Sponsored by Battelle Memorial Institute

Milos V. Novotny, Distinguished Professor of Chemistry and Lilly Chemistry Alumni Chair at Indiana University, Bloomington, is honored for his extraordinary success in working at the boundaries between analytical chemistry and biological sciences.

His research interests embrace bioanalytical chemistry, chromatography and electrophoresis of proteins and glycoconjugates, biomolecular mass spectrometry, mechanism of diabetic neuropathies, chemical communication in mammals, and glycoproteins and carbohydrate metabolism.

According to one colleague, Novotny has made a significant impact in three major areas of analytical chemistry: the development of its foundation through fundamental studies in separation science and the development of instrumentation; the application of analytical tools to important scientific problems; and the training of outstanding undergraduates, graduate students, postdoctoral associates, and scientific visitors.

In the late 1960s and early 1970s, Novotny carried out pioneering studies in capillary gas chromatography and gas chromatography/mass spectrometry. In one notable project, he designed the gas chromatographic column used on the National Aeronautics & Space Administration's Viking Lander Mission that touched down on Mars in 1976.
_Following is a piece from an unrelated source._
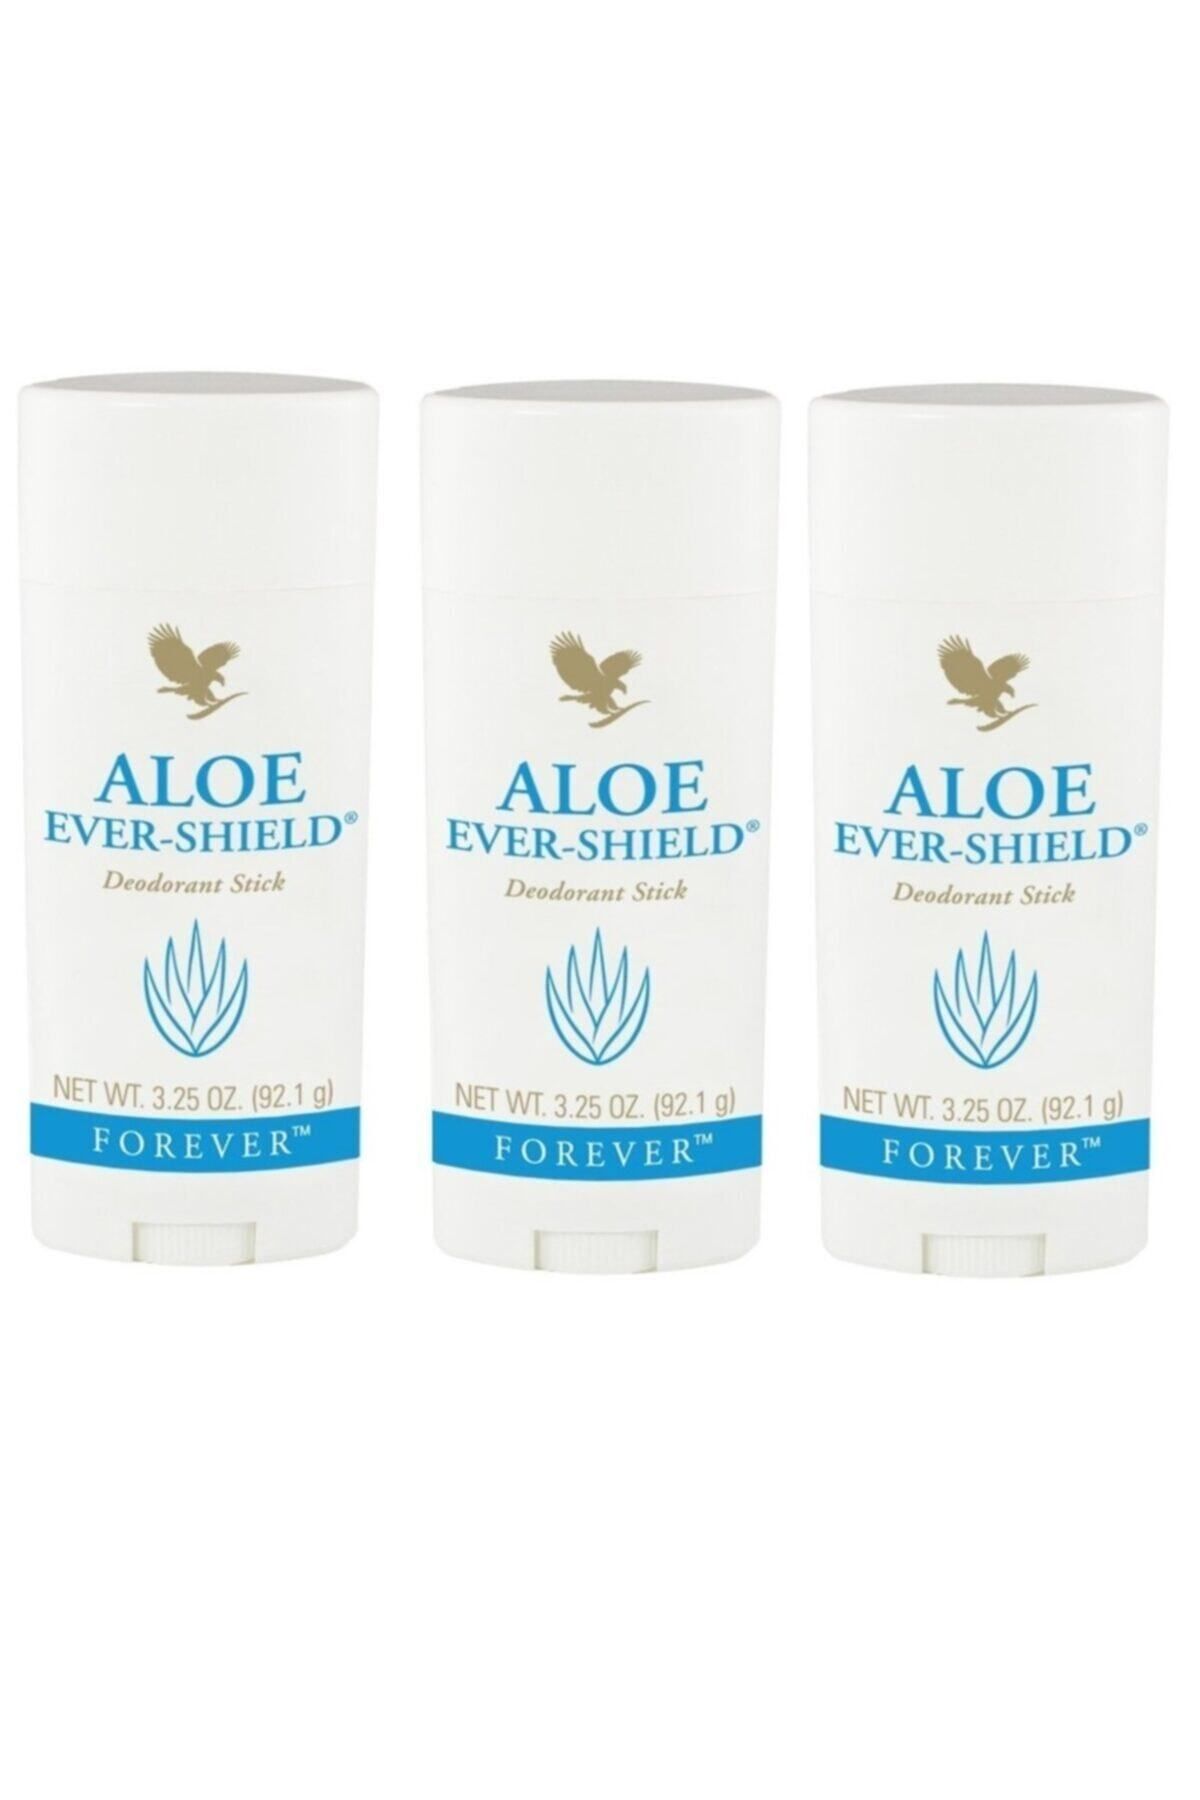 Forever Aloe Ever-shield Deodorant Stick Rollon 3 Adet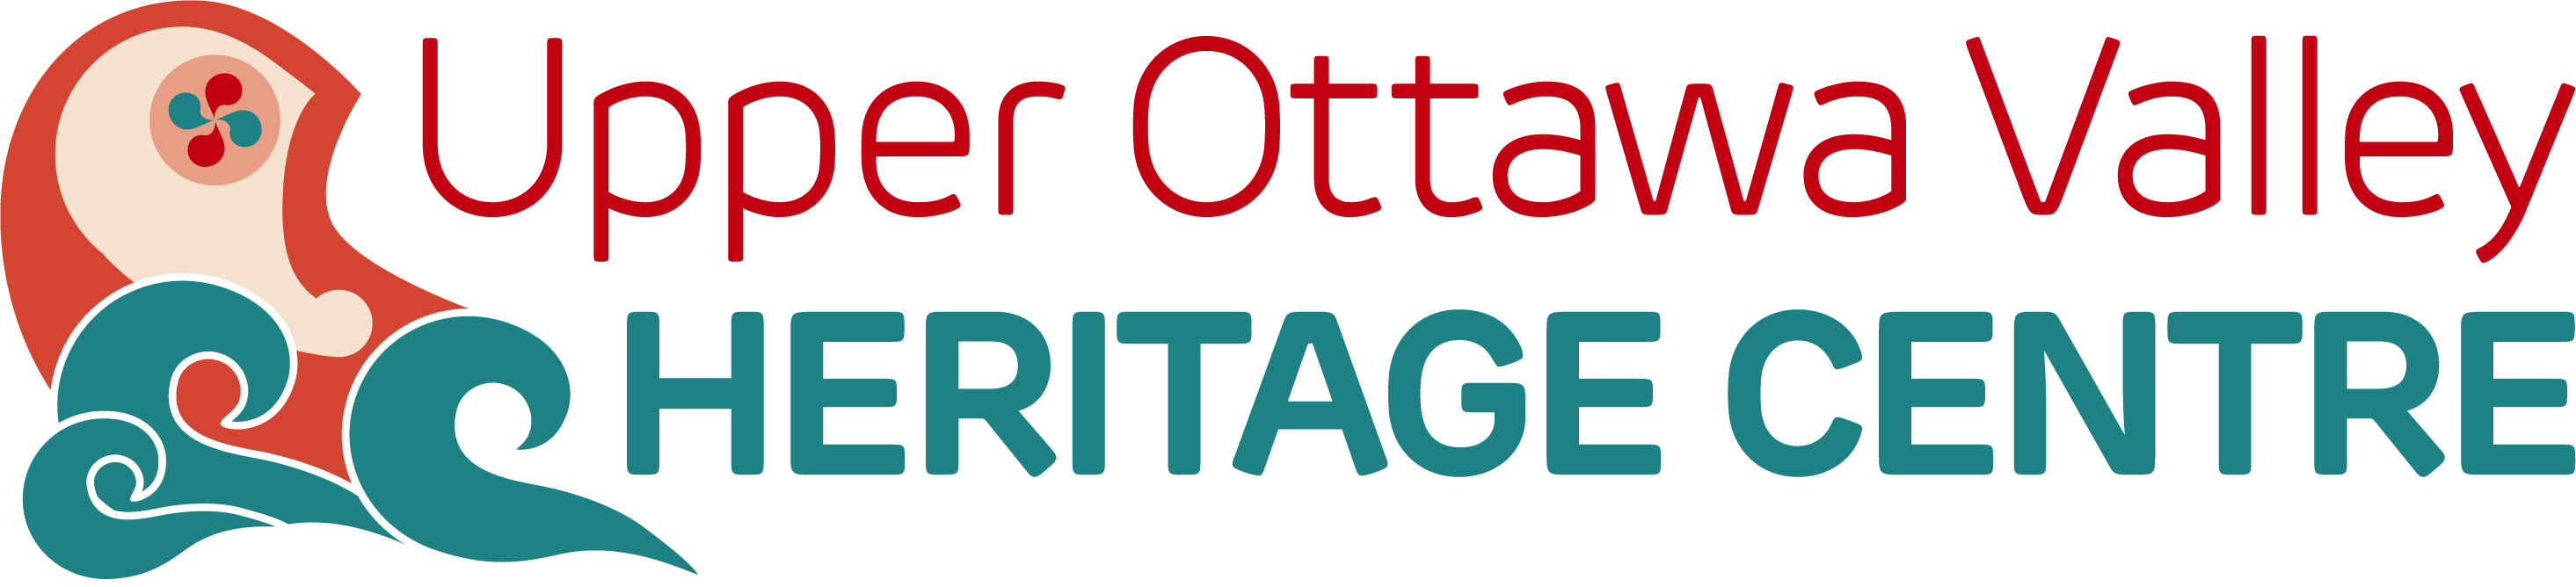 Upper Ottawa Valley Heritage Centre

Novotny played a key role in the development of microcolumn (capillary) liquid chromatography and supercritical fluid chromatography and is renowned throughout the world as a major developer of capillary electrophoresis. He has also made important contributions to the development of capillary electrochromatography and high-performance liquid chromatography, including new column technologies, enhancement of detection capabilities, pulsed-field capillary electrophoresis, and affinity separations.

Novotny has been interested in bioanalytical measurements in fields as diverse as diabetes research, steroid metabolism, mammalian pheromones, and protein and polysaccharide structure determination. He has, for example, used ultrasensitive laser-induced fluorescence measurements and related techniques for high-sensitivity peptide and oligosaccharide mapping. He carried out the first resolution of monosaccharide enantiomers by capillary electrophoresis and also used pulsed-field capillary electrophoresis to separate large DNA fragments. More recently, his group has embarked on several projects to characterize structurally and physically glycoproteins and polysaccharides of importance to the pharmaceutical and biotech industries.

Born in 1942, Novotny received the equivalent of a B.S. degree in chemistry and physics from the University of Brno, Czechoslovakia, in 1962, and a Ph.D. in biochemistry from the same university in 1965.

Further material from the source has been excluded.